BEGIN

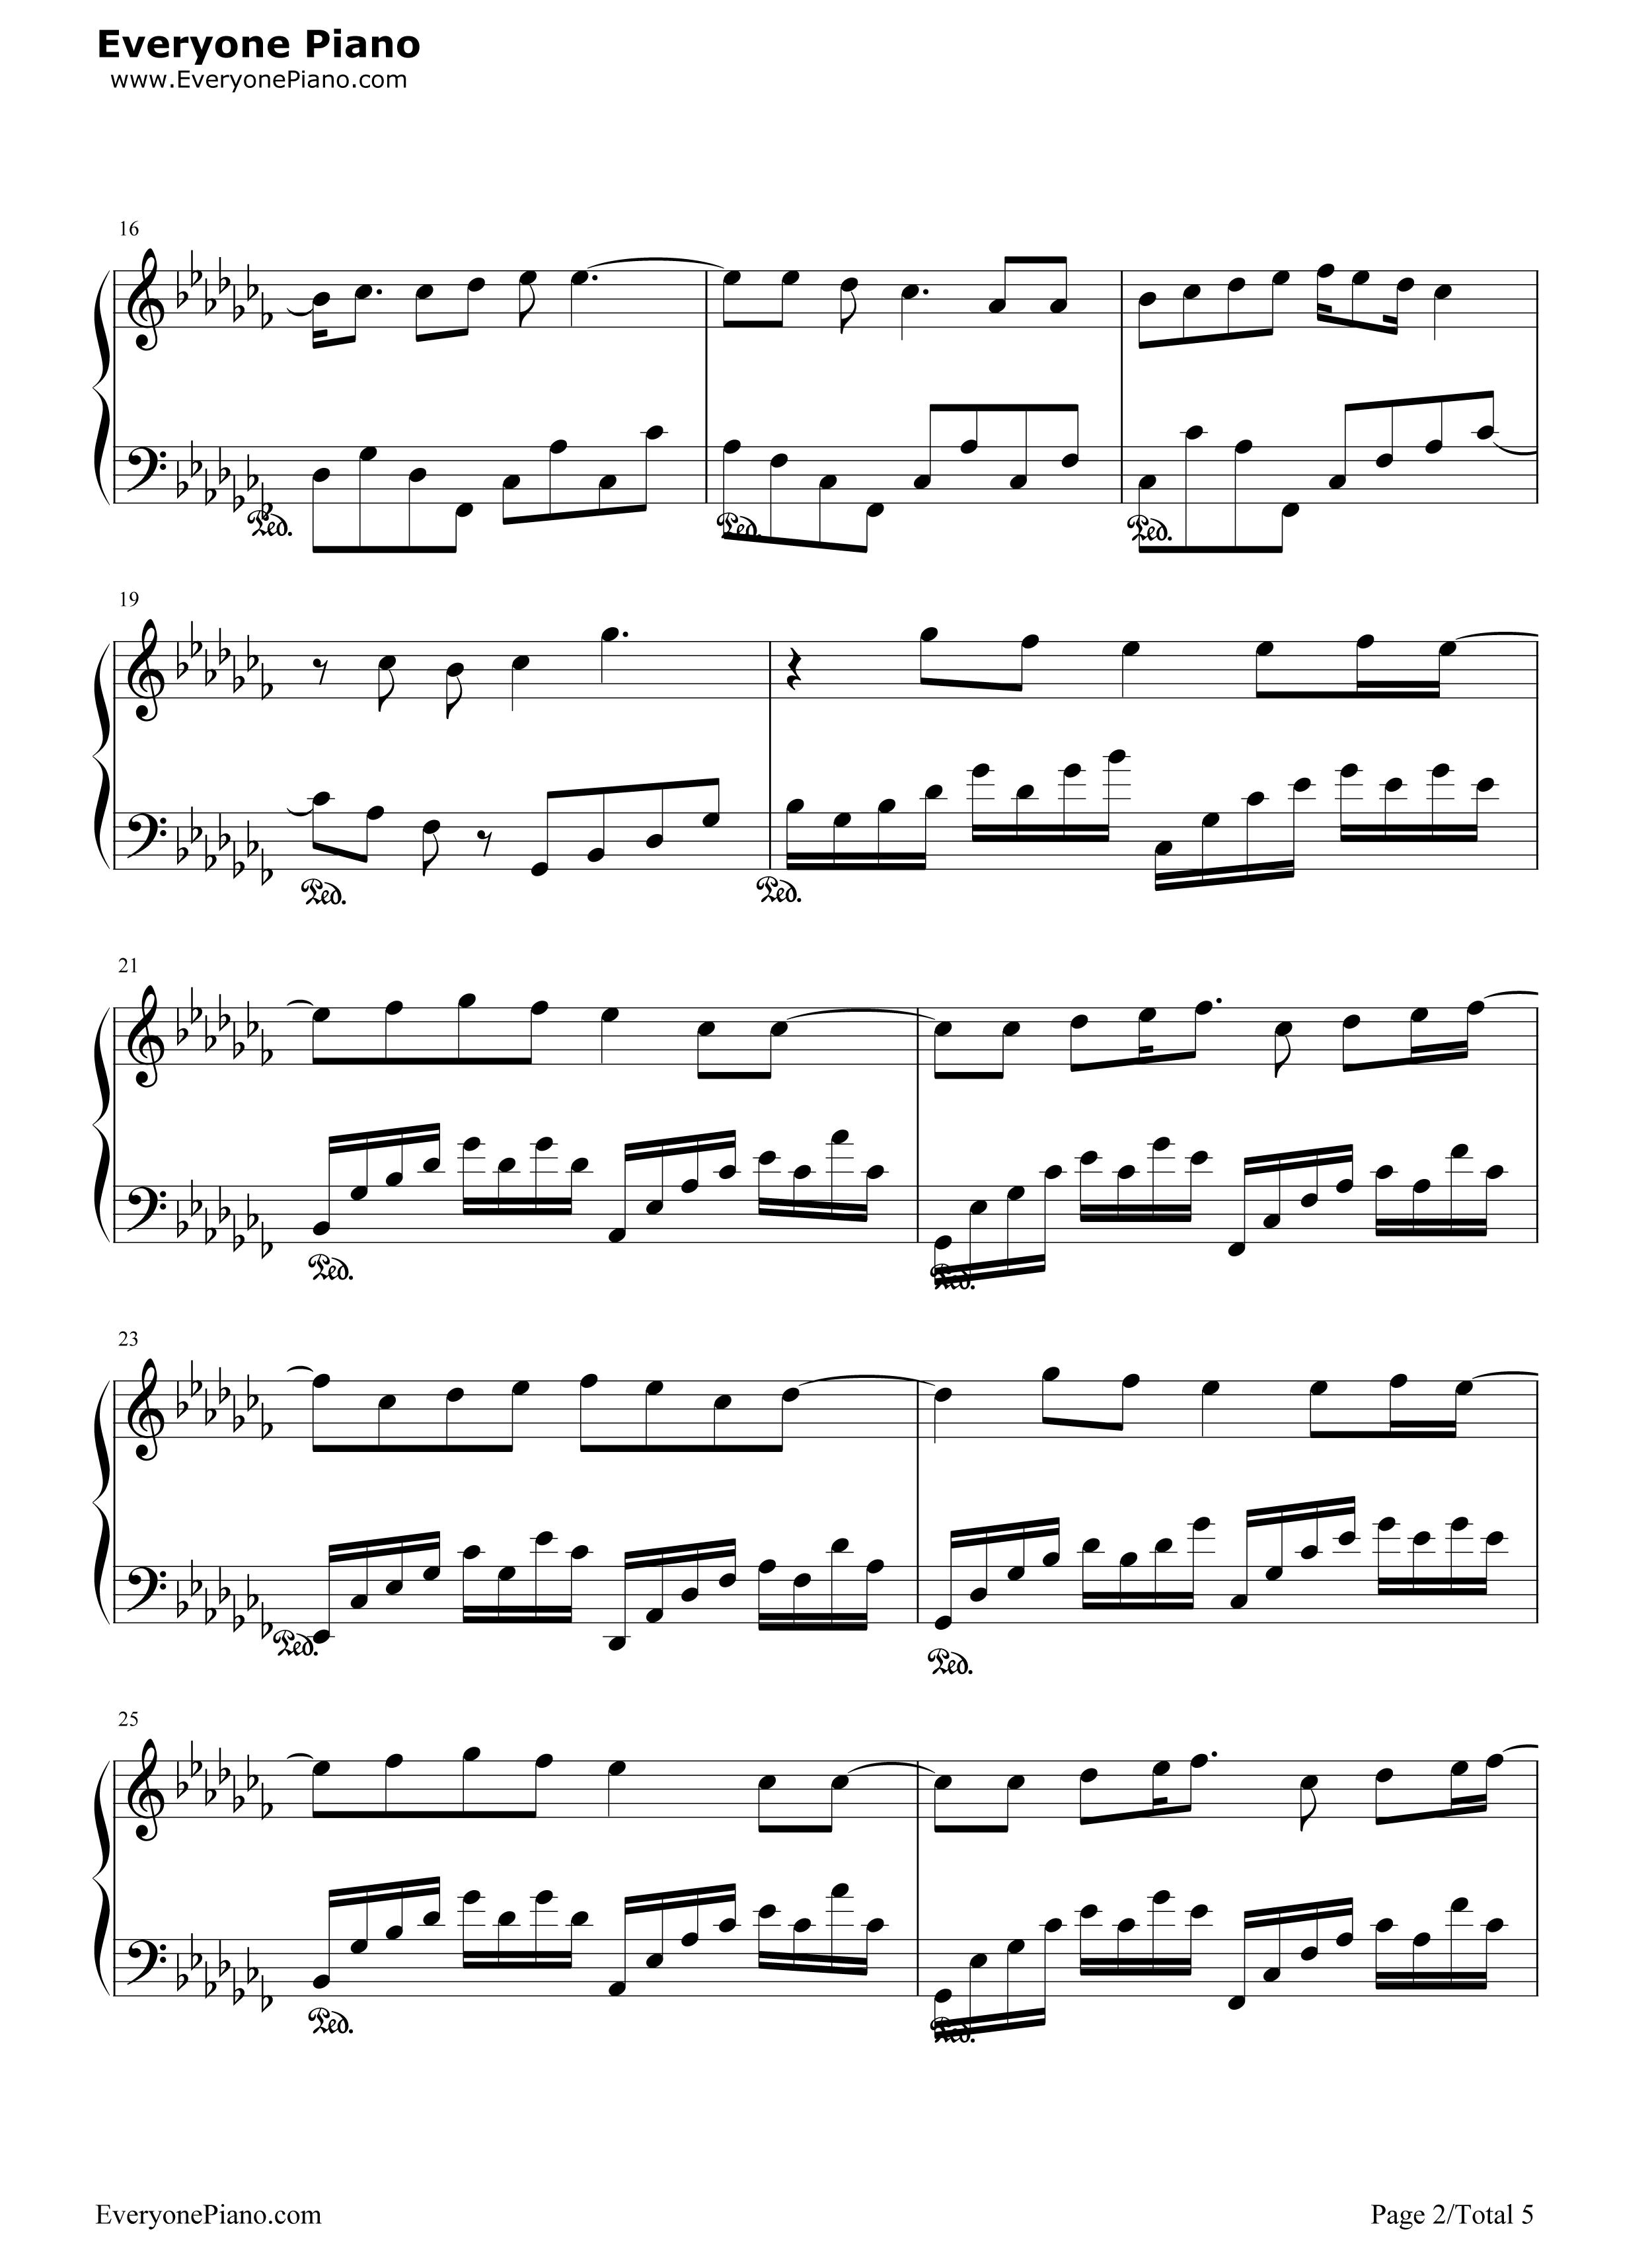 网站首页 钢琴曲谱 流行 仰望星空-张杰 >> 仰望星空-张杰五线谱预览2
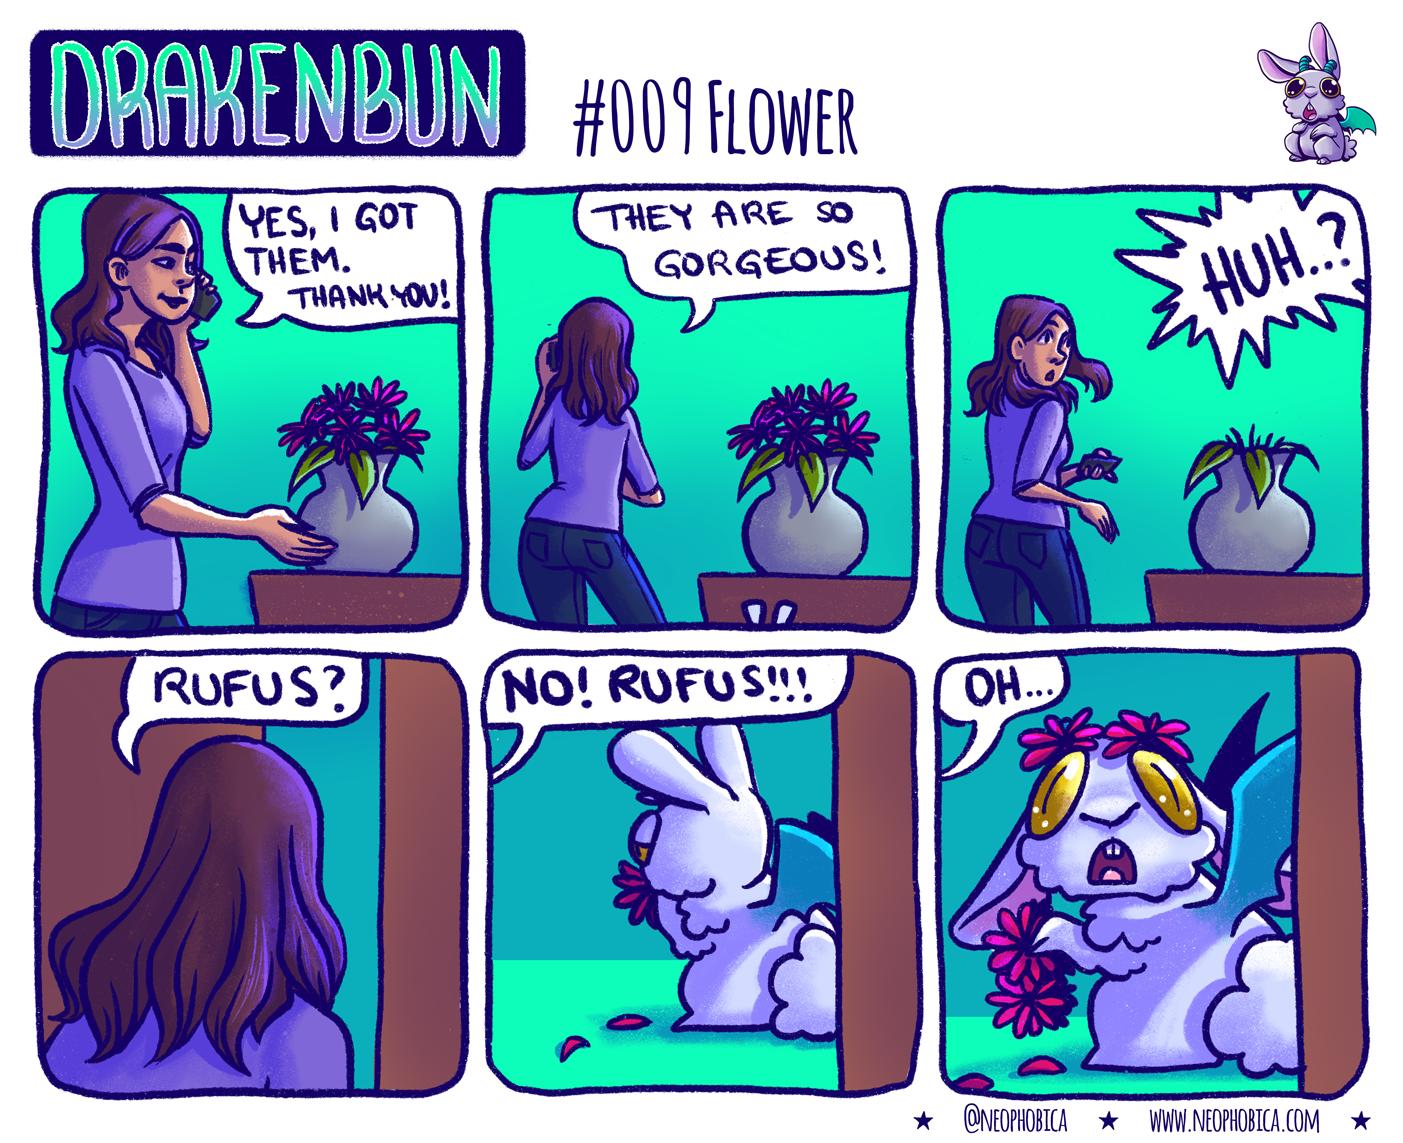 #009 Flower
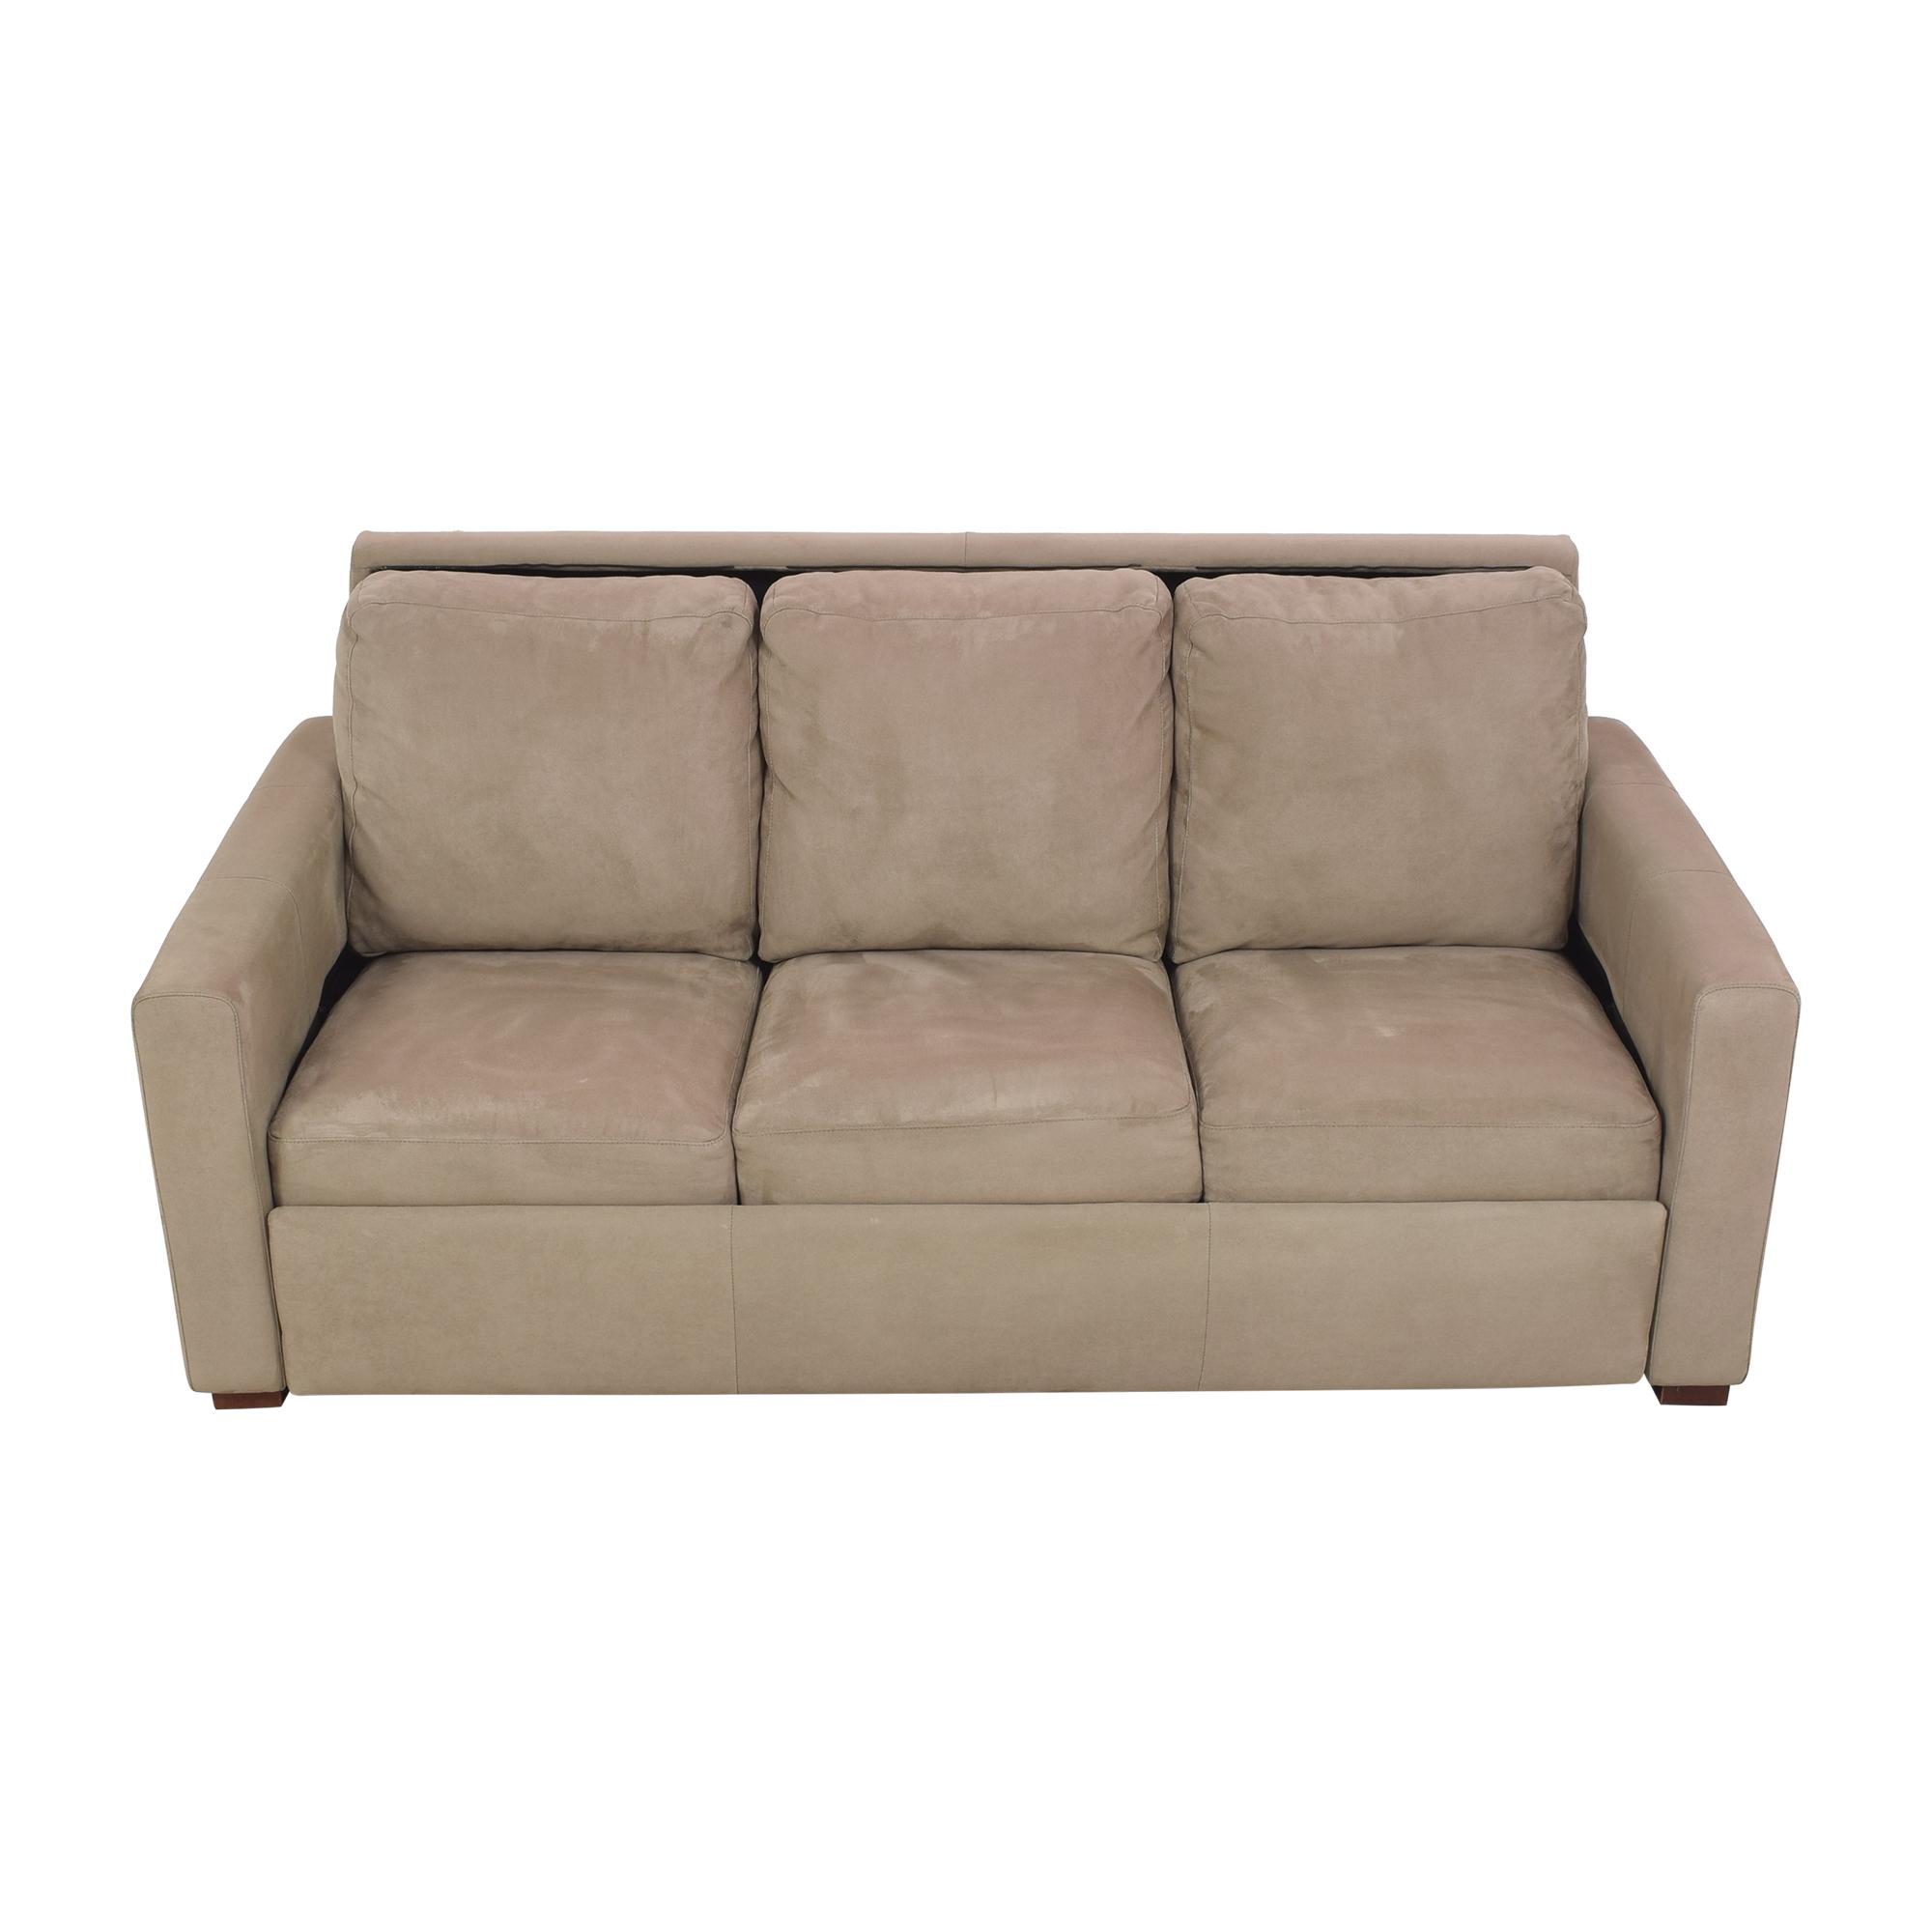 Room & Board Room & Board Allston Sleeper Sofa

END

**What you should do**. Please output all the data exactly as given, with the pictures omitted.

**Finished task**.
 网站首页 钢琴曲谱 流行 仰望星空-张杰 >> 仰望星空-张杰五线谱预览2
 #009 Flower
 Room & Board Room & Board Allston Sleeper Sofa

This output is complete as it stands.